Вице-канцлерша подпихнула под него плед, откатила коляску поближе к печкам, прожаренным так, что плюнь — зашипят. Слов нет, очень любила Марфа Ивановна своего немца. Да и было за что любить: не пьянствует ее Яган, не кочевряжится и не шумствует, как иные. Знай себе тихо и благочинно ведет разговоры с людьми иноземными…
— Что видела, Марфутченок? Что говорят на Москве?.. Вести были дурные: случай с Миллезимо возмутил Немецкую слободу. Дипломаты и без того жаловались — месяцами не было аудиенций при дворе, Петр круглый год на охоте, в отъездах дальних, Долгорукие всем скопом своих сородичей заслонили от мира царственного отрока… А теперь посол венский, граф Франциск Вратислав, будет просить сатисфакции. Посланники выражали Остерману возмущение поступком Долгоруких. Но вице-канцлер уже загородился от них козырьком и стал говорить столь невнятно, что сам себя уже не понимал:
— Поскольку его величество император цесарский благоволит к государю нашему, надлежащее удовлетворение при том, что граф Вратислав болен апоплексически, для нас весьма прискорбно, но его величество властен, как самодержец, отдавать любые указы, для чего и почту себя обязан…

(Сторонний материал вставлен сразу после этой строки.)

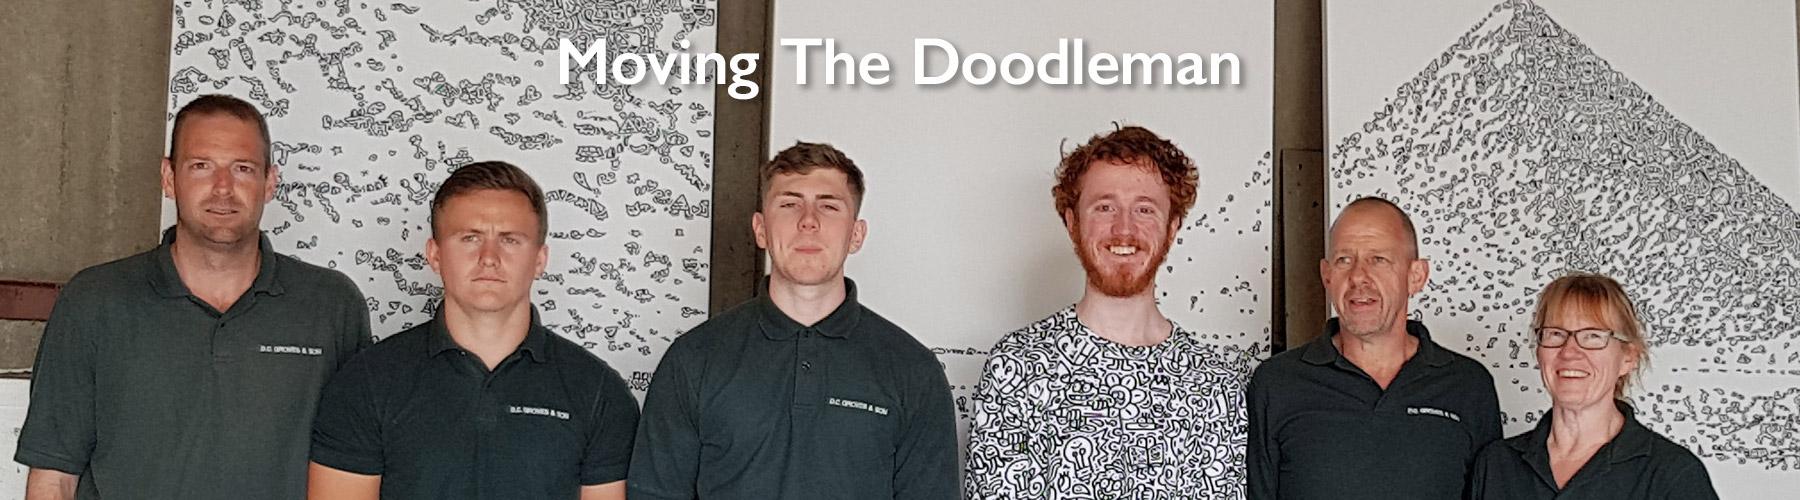 The Doodleman

Великий канцлер Головкин в дела не вмешивался — давно уже политикой ведал Остерман, и многие пытались в тарабарщине его разгадать великий смысл и мудрость. Вратислав первым понял, что сатисфакции не будет, и вызвал посрамленного Миллезимо к себе.
— Ваши дурацкие выстрелы, — сказал посол, — раздались кстати для Долгоруких. Свадьба состоится, но ваша голова никак не пролезет в жениховский венец… Все! Собирайтесь-ка в Вену…
Перед сном к Миллезимо проникла сама княжна Екатерина Долгорукая. Со слабым стоном (куда и гордость ее девалась?) припала она к ногам красивого венца.
— Умоляю, — шептала, — скорее увезите меня отсюда. Меня продают… Уедем, уедем… Я так буду любить вас! Но только не оставляйте меня здесь одну…
— В уме ли вы? — оторопел Миллезимо. — Я облечен доверием его величества императора Карла; ссора наших дворов… Нет, нет! Умоляйте не меня, а своего отца!
Княжна губу выпятила, блеснул ряд зубов — мелких.
— Стыдитесь, сударь, — ясно выговорила она. — Княжна Долгорукая, презрев резоны чести и благородства, пришла к вам любви просить, как милости… А вы? О чем говорите девице несчастной? Будьте же рыцарем… Варшавские кавалеры, — добавила с ядом, — те вот так никогда не поступают!
— Уходите скорее, — растерялся Миллезимо. — Боже, как вы неосмотрительны. Нам следует учиться осторожности…
Долгорукая выпрямилась во всю свою стать — в надменности.
— Ах, трусливый шваб… ну, ладно! — прошипела она. — Ты еще подползешь ко мне, словно уж… На коленях! Чтобы руку мне целовать, как русской царице!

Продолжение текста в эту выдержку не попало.